» DATA EXCERPTS:
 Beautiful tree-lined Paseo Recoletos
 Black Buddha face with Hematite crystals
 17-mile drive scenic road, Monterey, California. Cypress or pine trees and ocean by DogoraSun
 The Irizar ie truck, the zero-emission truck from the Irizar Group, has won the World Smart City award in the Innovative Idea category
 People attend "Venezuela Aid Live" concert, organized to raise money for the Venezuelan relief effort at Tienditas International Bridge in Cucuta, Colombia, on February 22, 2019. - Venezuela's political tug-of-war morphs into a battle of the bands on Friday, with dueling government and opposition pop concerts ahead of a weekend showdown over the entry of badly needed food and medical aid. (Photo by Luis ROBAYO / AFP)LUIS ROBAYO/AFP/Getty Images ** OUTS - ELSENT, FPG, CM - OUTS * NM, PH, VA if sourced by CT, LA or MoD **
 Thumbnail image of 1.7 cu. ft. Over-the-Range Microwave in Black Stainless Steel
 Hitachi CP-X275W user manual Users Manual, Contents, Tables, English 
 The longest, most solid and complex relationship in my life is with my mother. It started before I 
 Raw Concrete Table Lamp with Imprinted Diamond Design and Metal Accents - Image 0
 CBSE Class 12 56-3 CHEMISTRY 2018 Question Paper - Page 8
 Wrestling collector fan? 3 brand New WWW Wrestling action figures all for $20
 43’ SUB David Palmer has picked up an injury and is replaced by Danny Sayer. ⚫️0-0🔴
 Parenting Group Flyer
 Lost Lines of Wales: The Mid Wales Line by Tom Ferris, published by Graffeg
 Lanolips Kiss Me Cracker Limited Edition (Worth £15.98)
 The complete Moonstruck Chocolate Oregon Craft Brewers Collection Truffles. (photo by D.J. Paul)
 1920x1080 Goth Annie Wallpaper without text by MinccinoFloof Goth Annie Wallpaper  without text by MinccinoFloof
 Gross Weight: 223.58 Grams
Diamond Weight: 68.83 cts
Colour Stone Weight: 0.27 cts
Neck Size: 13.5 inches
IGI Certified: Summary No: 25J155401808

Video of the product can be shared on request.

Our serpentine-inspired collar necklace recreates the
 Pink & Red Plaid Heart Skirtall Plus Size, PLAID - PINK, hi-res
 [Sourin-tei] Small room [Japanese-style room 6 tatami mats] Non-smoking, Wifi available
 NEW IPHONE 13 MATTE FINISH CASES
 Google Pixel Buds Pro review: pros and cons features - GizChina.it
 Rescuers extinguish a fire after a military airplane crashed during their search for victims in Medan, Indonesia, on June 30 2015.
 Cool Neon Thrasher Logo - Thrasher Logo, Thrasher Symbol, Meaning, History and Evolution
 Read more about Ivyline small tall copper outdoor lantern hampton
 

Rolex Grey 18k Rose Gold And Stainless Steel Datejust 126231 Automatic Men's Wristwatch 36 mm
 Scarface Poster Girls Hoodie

» WORK INSTRUCTION: Going through the entries above, show each line that contains "Black".

» TASK RESPONSE:
 Black Buddha face with Hematite crystals
 Thumbnail image of 1.7 cu. ft. Over-the-Range Microwave in Black Stainless Steel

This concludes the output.